Q: Why can't you horizontally scale WebSocket servers without extra coordination? WebSocket connections are stateful — a client is connected to a specific server instance. If Client A is on Server 1 and Client B is on Server 2, a message from A to B requires Server 1 to coordinate with Server 2. Without coordination (Redis pub/sub, message broker), the message is lost.

Q: What is the Socket.IO Redis adapter and how does it work? It replaces Socket.IO's in-memory event bus with Redis Pub/Sub. When you call io.to(room).emit(event, data), instead of only broadcasting to local connections, it publishes to a Redis channel. All other server instances are subscribed to that channel, receive the message, and forward it to their local connections in the same room. Transparent to application code.

Q: What are the trade-offs of sticky sessions vs Redis pub/sub?
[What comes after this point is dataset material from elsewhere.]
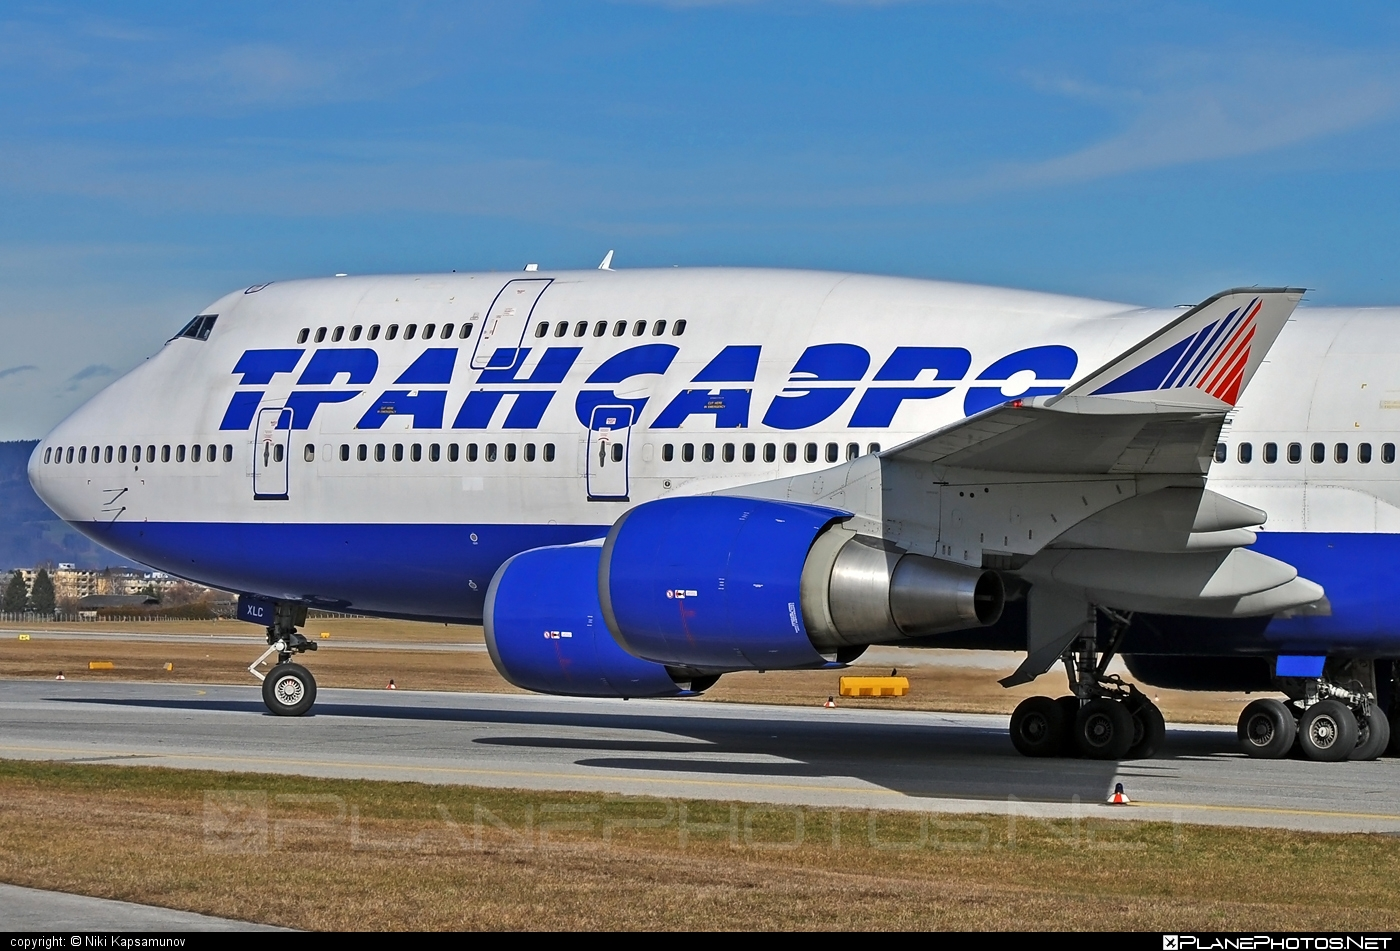 Boeing 747-400 - EI-XLC operated by Transaero Airlines #b747 #boeing #boeing747 #jumbo

Sticky sessions (IP hash or cookie-based routing) send the same client to the same server — simpler, no Redis needed, but breaks when a server restarts (all its clients reconnect to different servers, causing brief spike), and doesn't solve cross-server messaging. Redis pub/sub solves cross-server messaging and handles server restarts gracefully, but adds Redis as a dependency and latency (~1ms per cross-server message).

Q: How do you handle WebSocket connections when a server restarts (rolling deploy)? Socket.IO clients automatically reconnect with exponential backoff. The client reconnects to a potentially different server (if no sticky sessions). With the Redis adapter, room memberships are re-joined on reconnect. Buffer recent messages in Redis and let clients request missed messages on reconnect (using a since cursor or last event ID).